4.2 Other aggregates: Mean and median
In the last example, we grouped some data together and counted it up, but there’s so much more you can do. You can do multiple measures in a single step as well.
Sticking with our NBA player data, we can calculate any number of measures inside summarize. Here, we’ll use R’s built in mean and median functions to calculate … well, you get the idea.
Let’s look just a the number of minutes each position gets.
|>
nbaplayers group_by(Pos) |>
summarise(
count = n(),
mean_minutes = mean(MP),
median_minutes = median(MP)
)
# A tibble: 12 × 4
Pos count mean_minutes median_minutes
<chr> <int> <dbl> <dbl>
1 C 119 930. 763
2 C-PF 3 1115. 974
3 PF 147 879. 581
4 PF-C 1 1624 1624
5 PF-SF 1 630 630
6 PG 147 905. 678
7 PG-SG 4 1581 1926.
8 SF 155 912. 608
9 SF-PF 2 983 983
10 SF-SG 1 2160 2160
11 SG 154 887. 700.
12 SG-PG 1 507 507
Let’s look at centers. The average center plays 929 minutes and the median is 763 minutes.
Why?
Let’s let sort help us.
|> arrange(desc(MP)) nbaplayers
# A tibble: 735 × 27
Rk Player Pos Age Tm G MP PER `TS%` `3PAr` FTr `ORB%`
<dbl> <chr> <chr> <dbl> <chr> <dbl> <dbl> <dbl> <dbl> <dbl> <dbl> <dbl>
1 120 DeMar De… SF 34 CHI 79 2989 19.7 0.584 0.166 0.452 1.6
2 444 Domantas… C 27 SAC 82 2928 23.2 0.637 0.081 0.389 11
3 540 Coby Whi… PG 23 CHI 79 2881 14.5 0.57 0.46 0.215 1.7
4 61 Mikal Br… SF 27 BRK 82 2854 14.9 0.56 0.457 0.245 2.5
5 25 Paolo Ba… PF 21 ORL 80 2799 17.3 0.546 0.249 0.397 3.4
6 137 Kevin Du… PF 35 PHO 75 2791 21.2 0.626 0.283 0.295 1.7
7 363 Dejounte… SG 27 ATL 78 2783 17.7 0.555 0.379 0.179 2.3
8 140 Anthony … SG 22 MIN 79 2770 19.7 0.575 0.341 0.325 2.2
9 263 Nikola J… C 28 DEN 79 2737 31 0.65 0.164 0.31 9.3
10 76 Jalen Br… PG 27 NYK 77 2726 23.4 0.592 0.319 0.302 1.8
# … with 725 more rows, and 15 more variables: `DRB%` <dbl>, `TRB%` <dbl>,
# `AST%` <dbl>, `STL%` <dbl>, `BLK%` <dbl>, `TOV%` <dbl>, `USG%` <dbl>,
# OWS <dbl>, DWS <dbl>, WS <dbl>, `WS/48` <dbl>, OBPM <dbl>, DBPM <dbl>,
# BPM <dbl>, VORP <dbl>
The player with the most minutes on the floor is a small forward.

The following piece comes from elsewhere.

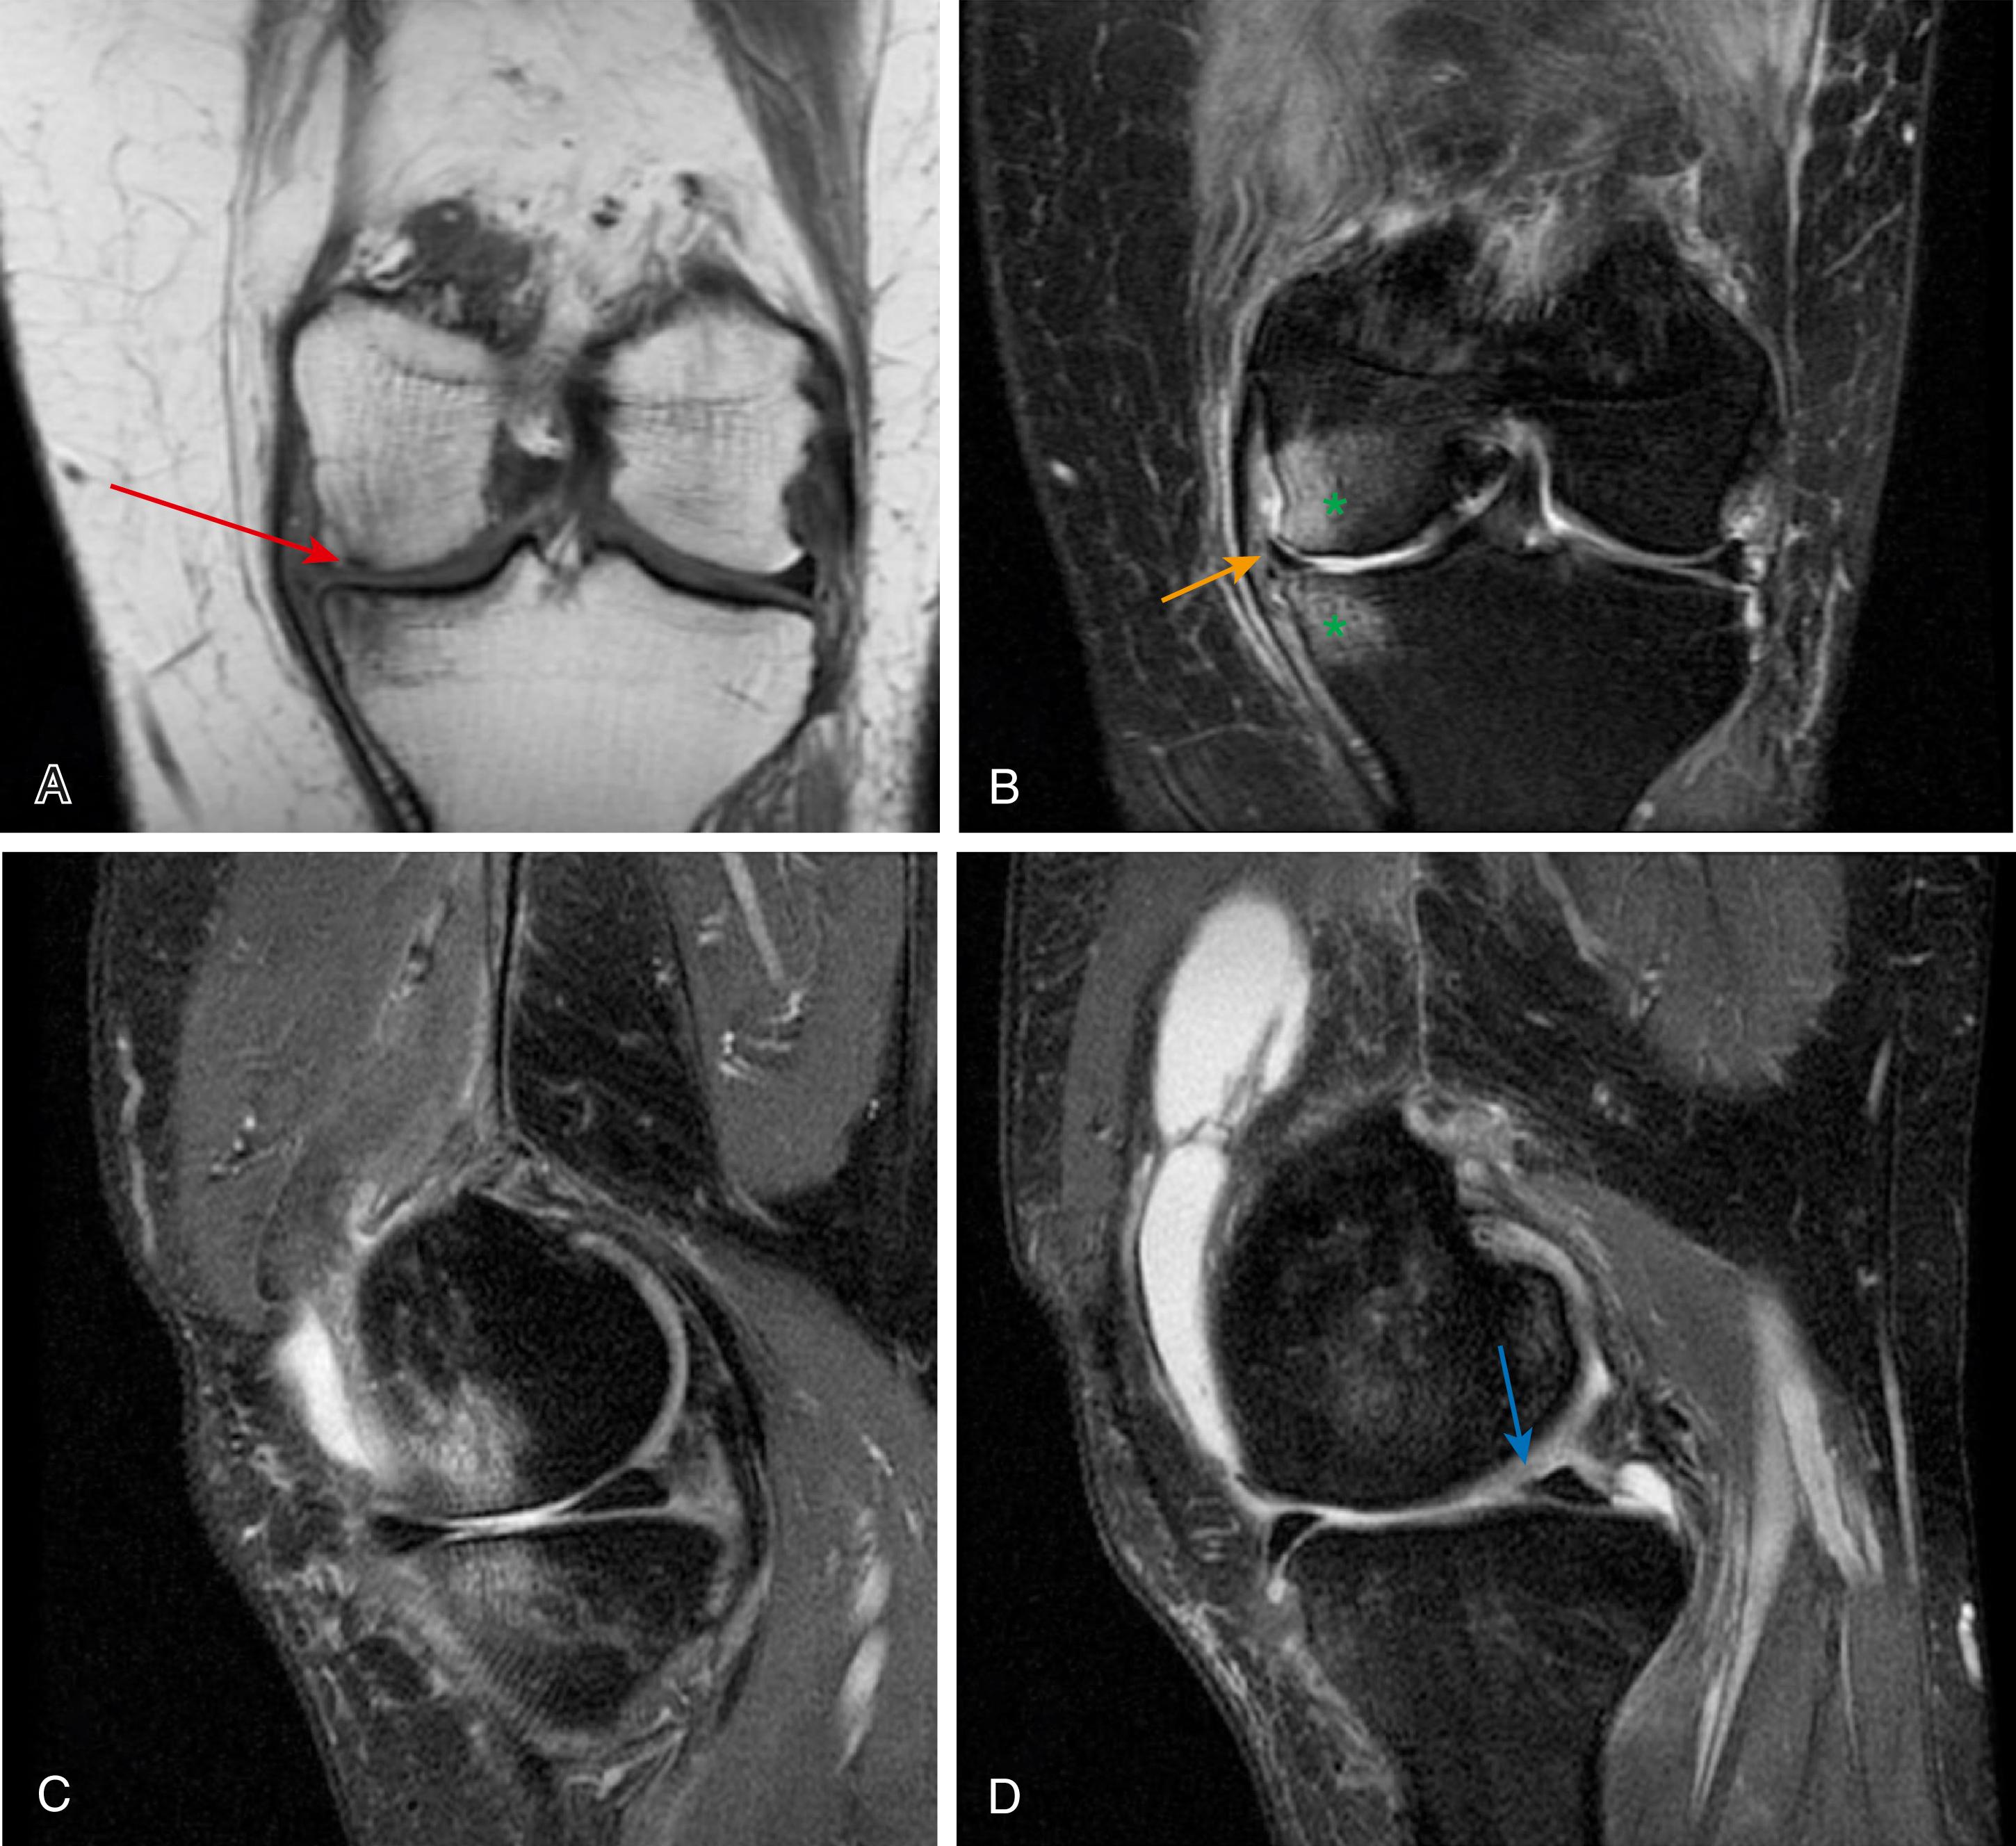 FIG. 173.1, Magnetic resonance imaging of the left knee: coronal T1-W (A) images demonstrating the T1 hypointense subchondral insufficiency fracture line within the medial aspect of the medial femoral condyle measuring 7 mm (red arrow) . (B, C) Coronal proton density fat saturation (PD FS) and sagittal PD FS images at the same level demonstrating the reciprocal bone marrow edema in the medial femoral condyle and medial tibial plateau (asterisks) , as well as a tear of the medial meniscal body (orange arrow) . (D) . Sagittal PD FS image at the level of the posterior horn/root junction of the medial meniscus demonstrating blunting of the medial meniscus compatible with free edge radial tear (blue arrow) .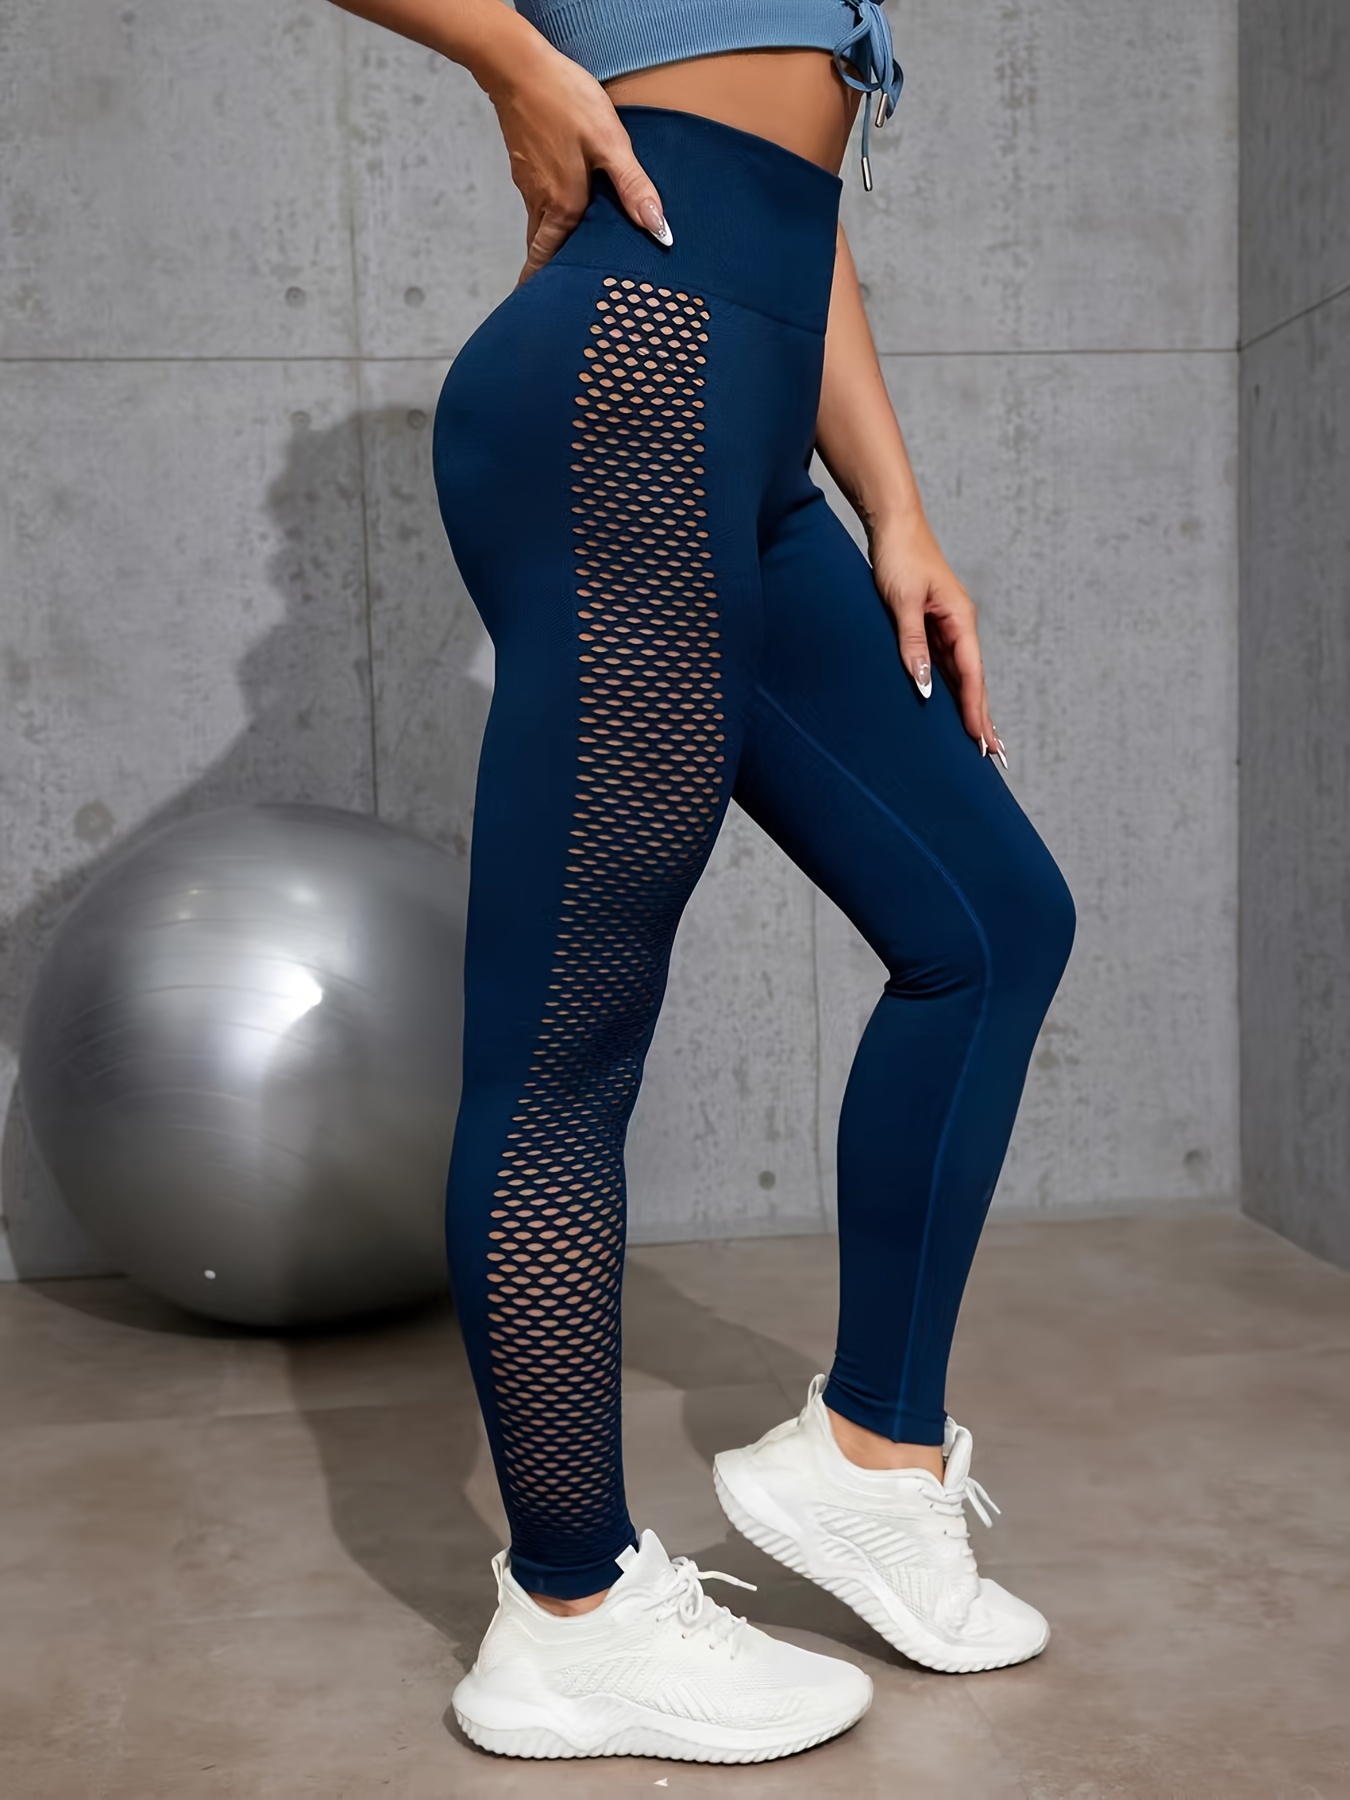 2016 Hot New Matte stretch Yoga pants calzas mallas mujer

So that means there’s DeMar DeRozan rolling up 2,989 minutes in a season, and then there’s Philly sensation Javonte Smart. Never heard of Javonte Smart? Might be because he logged a single minute in one game this season.
That’s a huge difference.
So when choosing a measure of the middle, you have to ask yourself – could I have extremes? Because a median won’t be sensitive to extremes. It will be the point at which half the numbers are above and half are below. The average or mean will be a measure of the middle, but if you have a bunch of pine riders and then one ironman superstar, the average will be wildly skewed.
4.3 Even more aggregates
There’s a ton of things we can do in summarize – we’ll work with more of them as the course progresses – but here’s a few other questions you can ask.
Which position in the NBA plays the most minutes? And what is the highest and lowest minute total for that position? And how wide is the spread between minutes? We can find that with sum
to add up the minutes to get the total minutes, min
to find the minimum minutes, max
to find the maximum minutes and sd
to find the standard deviation in the numbers.
|>
nbaplayers group_by(Pos) |>
summarise(
total = sum(MP),
avgminutes = mean(MP),
minminutes = min(MP),
maxminutes = max(MP),
stdev = sd(MP)) |> arrange(desc(total))
# A tibble: 12 × 6
Pos total avgminutes minminutes maxminutes stdev
<chr> <dbl> <dbl> <dbl> <dbl> <dbl>
1 SF 141284 912. 1 2989 832.
2 SG 136539 887. 3 2783 807.
3 PG 132967 905. 1 2881 820.
4 PF 129198 879. 4 2799 815.
5 C 110659 930. 1 2928 781.
6 PG-SG 6324 1581 433 2040 769.
7 C-PF 3344 1115. 555 1815 642.
8 SF-SG 2160 2160 2160 2160 NA
9 SF-PF 1966 983 488 1478 700.
10 PF-C 1624 1624 1624 1624 NA
11 PF-SF 630 630 630 630 NA
12 SG-PG 507 507 507 507 NA
So again, no surprise, small forwards spend the most minutes on the floor in the NBA. They average 911 minutes, but we noted why that’s trouble. The minimum is a one-minute wonder, max is some team failing at load management, and the standard deviation is a measure of how spread out the data is. In this case, not the highest spread among positions, but pretty high. So you know you’ve got some huge minutes players and a bunch of bench players.